Comparison of effects of ivabradine versus carvedilol in murine model with the Coxsackievirus B3-induced viral myocarditis.

Background: Elevated heart rate is associated with increased cardiovascular morbidity. The selective I(f) current inhibitor ivabradine reduces heart rate without affecting cardiac contractility, and has been shown to be cardioprotective in the failing heart. Ivabradine also exerts some of its beneficial effects by decreasing cardiac proinflammatory cytokines and inhibiting peroxidants and collagen accumulation in atherosclerosis or congestive heart failure. However, the effects of ivabradine in the setting of acute viral myocarditis and on the cytokines, oxidative stress and cardiomyocyte apoptosis have not been investigated.

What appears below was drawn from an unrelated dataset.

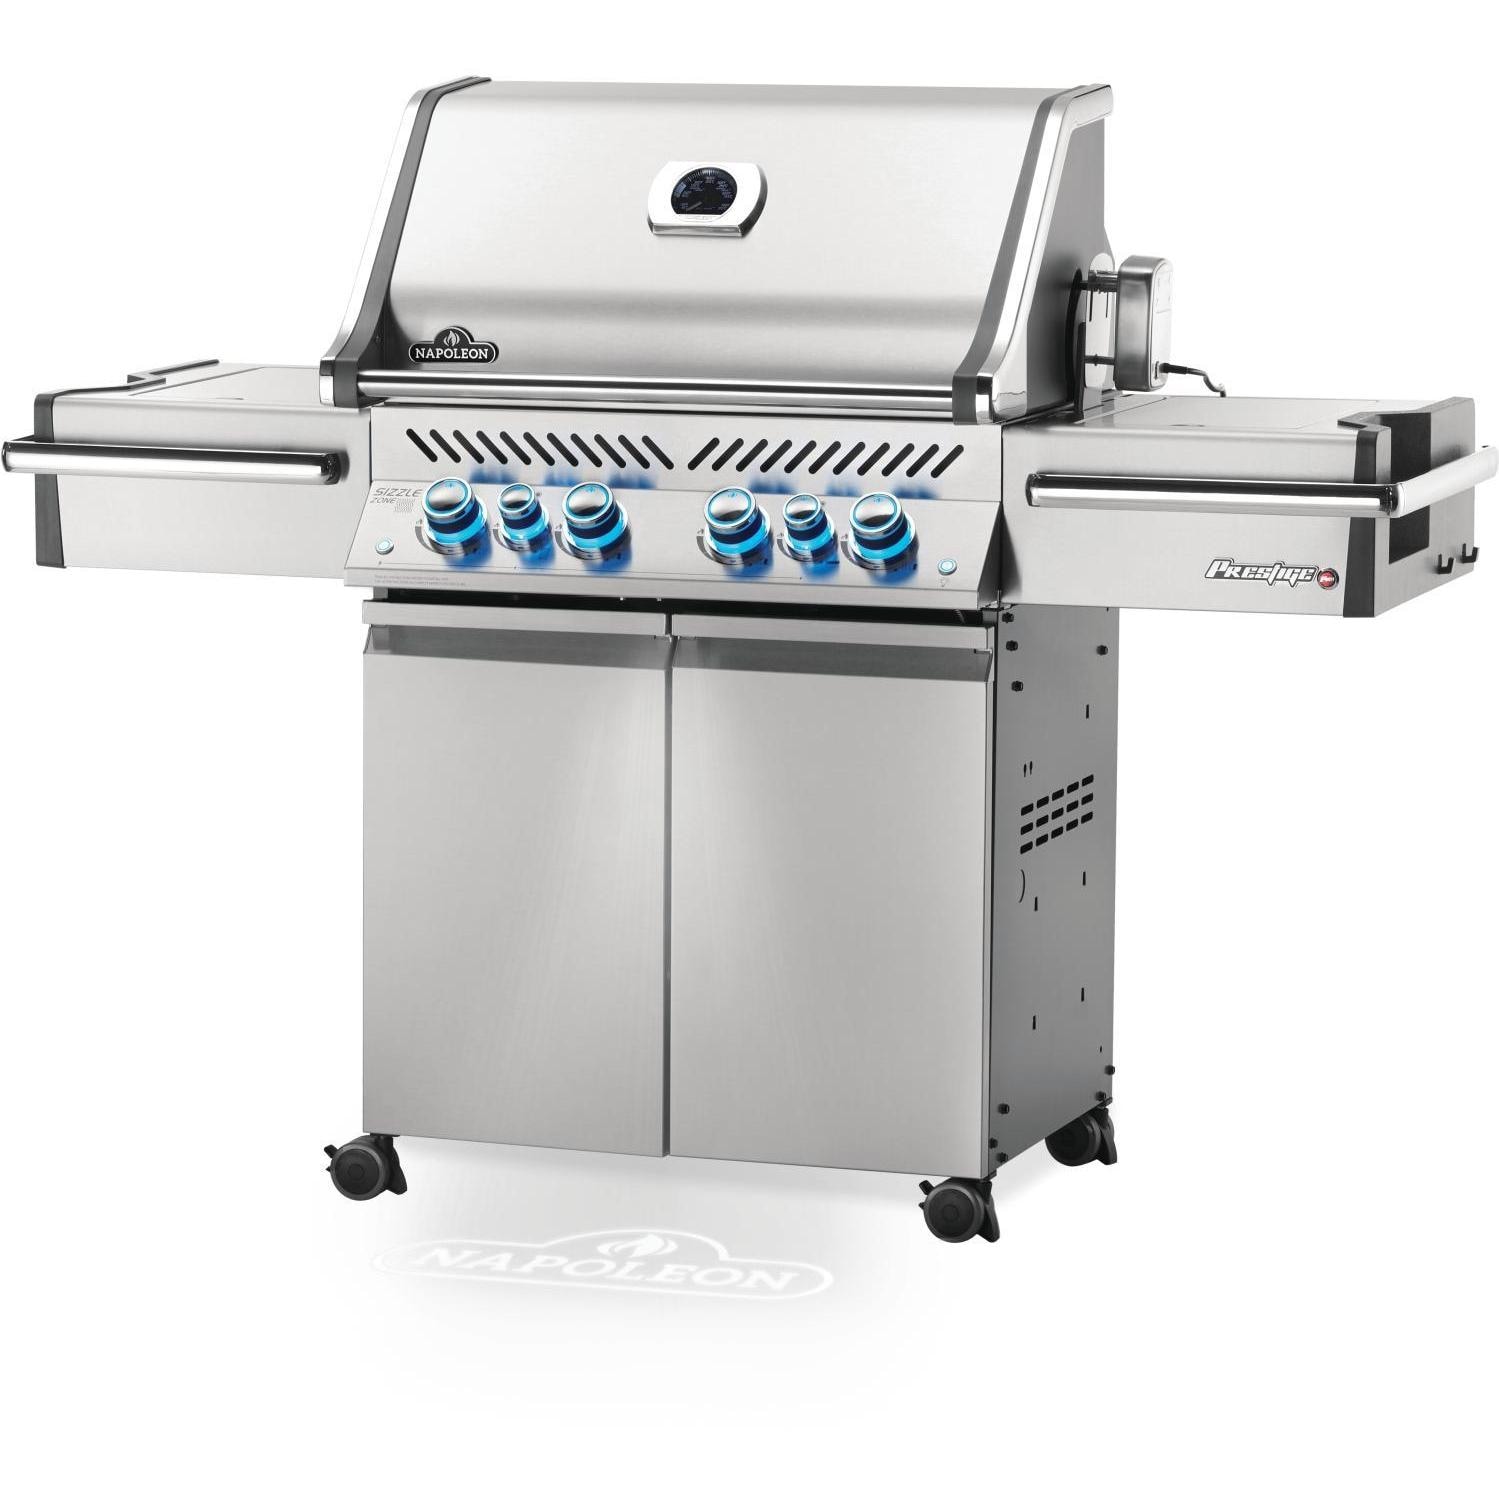 Napoleon PRO500RSIBNSS-3 Prestige Pro 500 Natural Gas Grill w/ Infrared Burners - image 2 of 6
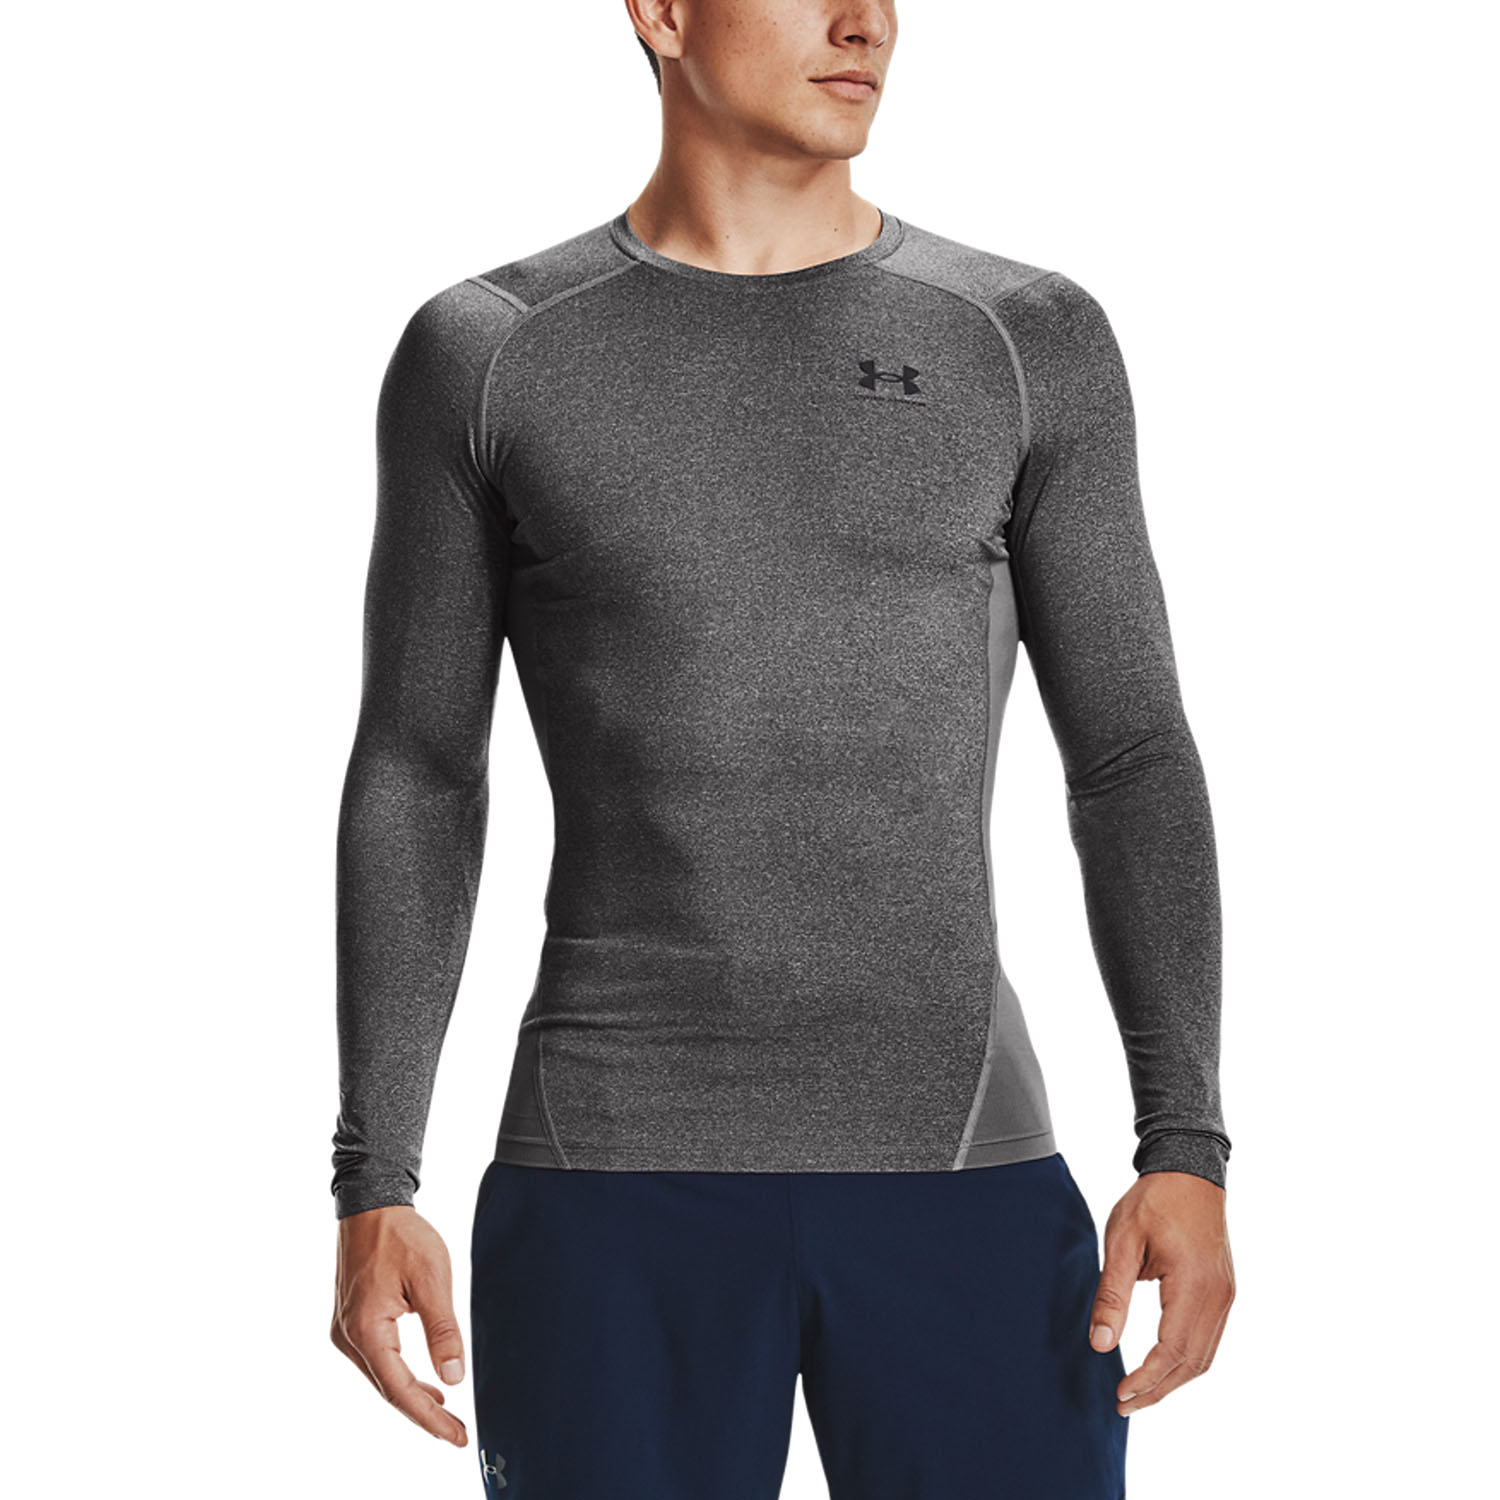 Under Armor T-shirt M 1361506-100 – Your Sports Performance

Methodology/principal Findings: The study was designed to compare the effects of ivabradine and carvedilol in acute viral myocarditis. In a coxsackievirus B3 murine myocarditis model (Balb/c), effects of ivabradine and carvedilol (a nonselective β-adrenoceptor antagonist) on myocardial histopathological changes, cardiac function, plasma noradrenaline, cytokine levels, cardiomyocyte apoptosis, malondialdehyde and superoxide dismutase contents were studied. Both ivabradine and carvedilol similarly and significantly reduced heart rate, attenuated myocardial lesions and improved the impairment of left ventricular function. In addition, ivabradine treatment as well as carvedilol treatment showed significant effects on altered myocardial cytokines with a decrease in the amount of plasma noradrenaline. The increased myocardial MCP-1, IL-6, and TNF-α. in the infected mice was significantly attenuated in the ivabradine treatment group. Only carvedilol had significant anti-oxidative and anti-apoptoic effects in coxsackievirus B3-infected mice.
Conclusions/significance: These results show that the protective effects of heart rate reduction with ivabradine and carvedilol observed in the acute phase of coxsackievirus B3 murine myocarditis may be due not only to the heart rate reduction itself but also to the downregulation of inflammatory cytokines.